1.9 Exercises

EXERCISE 1.1   Is the upper extreme always an outlier?

EXERCISE 1.2   Is it possible for the mean or the median to lie outside of the fourths or even outside of the outside bars?

EXERCISE 1.3   Assume that the data are normally distributed $N(0,1)$. What percentage of the data do you expect to lie outside the outside bars?

EXERCISE 1.4   What percentage of the data do you expect to lie outside the outside bars if we assume that the data are normally distributed $N(0,\sigma^2)$ with unknown variance $\sigma^2$?

EXERCISE 1.5   How would the five-number summary of the 15 largest U.S. cities differ from that of the 50 largest U.S. cities? How would the five-number summary of 15 observations of $N(0,1)$-distributed data differ from that of 50 observations from the same distribution?

EXERCISE 1.6   Is it possible that all five numbers of the five-number summary could be equal? If so, under what conditions?

EXERCISE 1.7   Suppose we have $50$ observations of $X\sim N(0,1)$ and another $50$ observations of $Y\sim N(2,1)$. What would the $100$ Flury faces look like if you had defined as face elements the face line and the darkness of hair? Do you expect any similar faces? How many faces do you think should look like observations of $Y$ even though they are $X$ observations?

EXERCISE 1.8   Draw a histogram for the mileage variable of the car data (Table B.3). Do the same for the three groups (U.S., Japan, Europe). Do you obtain a similar conclusion as in the parallel boxplot on Figure 1.3 for these data?

EXERCISE 1.9   Use some bandwidth selection criterion to calculate the optimally chosen bandwidth $h$ for the diagonal variable of the bank notes. Would it be better to have one bandwidth for the two groups?

EXERCISE 1.10   In Figure 1.9 the densities overlap in the region of diagonal $\approx 140.4$. We partially observed this in the boxplot of Figure 1.4. Our aim is to separate the two groups. Will we be able to do this effectively on the basis of this diagonal variable alone?

EXERCISE 1.11   Draw a parallel coordinates plot for the car data.

EXERCISE 1.12   How would you identify discrete variables (variables with only a limited number of possible outcomes) on a parallel coordinates plot?

EXERCISE 1.13   True or false: the height of the bars of a histogram are equal to the relative frequency with which observations fall into the respective bins.

EXERCISE 1.14   True or false: kernel density estimates must always take on a value between 0 and 1. (Hint: Which quantity connected with the density function has to be equal to 1? Does this property imply that the density function has to always be less than 1?)
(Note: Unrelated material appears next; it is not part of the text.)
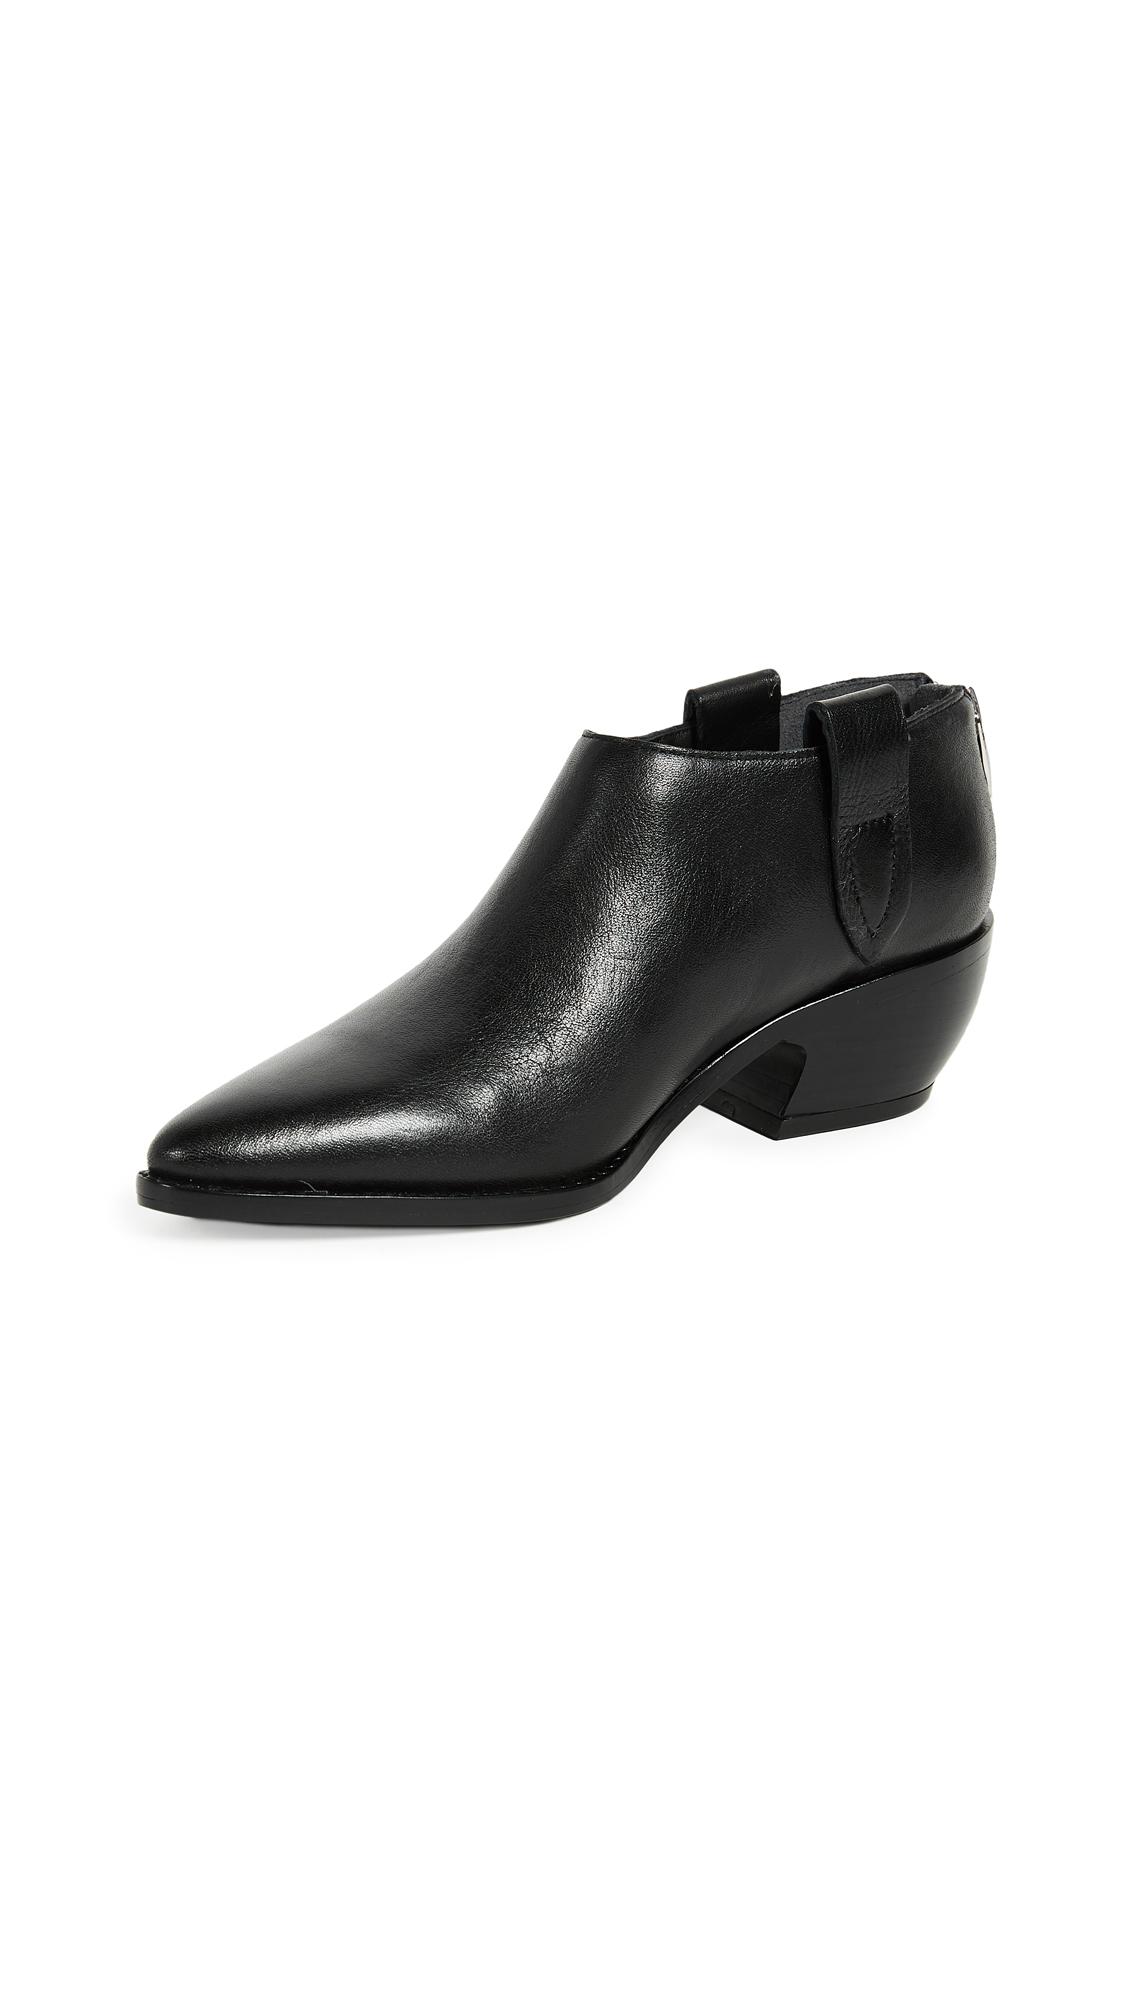 Sigerson Morrison Dorie Ankle Boots - Black

EXERCISE 1.15   Let the following data set represent the heights of 13 students taking the Applied Multivariate Statistical Analysis course:

\begin{displaymath}1.72,1.83,1.74,1.79,1.94,1.81,1.66,1.60,1.78,1.77,1.85,1.70,1.76.\end{displaymath}

  1. Find the corresponding five-number summary.
  2. Construct the boxplot.
  3. Draw a histogram for this data set.

Contributed by Peder Egemen Baykan.

EXERCISE 1.16   Describe the unemployment data (see Table B.19) that contain unemployment rates of all German Federal States using various descriptive techniques.

Contributed by Susanne Böhme.

EXERCISE 1.17   Using yearly population data (see B.20), generate
  1. a boxplot (choose one of variables)
  2. an Andrew's Curve (choose ten data points)
  3. a scatterplot
  4. a histogram (choose one of the variables)
What do these graphs tell you about the data and their structure?

Contributed by Susanne Böhme.

EXERCISE 1.18   Make a draftman plot for the car data with the variables

\begin{eqnarray*}
X_{1} & = & price, \\
X_{2} & = & mileage, \\
X_{8} & = & weight, \\
X_{9} & = & length.
\end{eqnarray*}



Move the brush into the region of heavy cars. What can you say about price, mileage and length? Move the brush onto high fuel economy. Mark the Japanese, European and U.S. American cars. You should find the same condition as in boxplot Figure 1.3.

EXERCISE 1.19   What is the form of a scatterplot of two independent random variables $X_{1}$ and $X_{2}$ with standard Normal distribution?

EXERCISE 1.20   Rotate a three-dimensional standard normal point cloud in 3D space. Does it ``almost look the same from all sides''? Can you explain why or why not?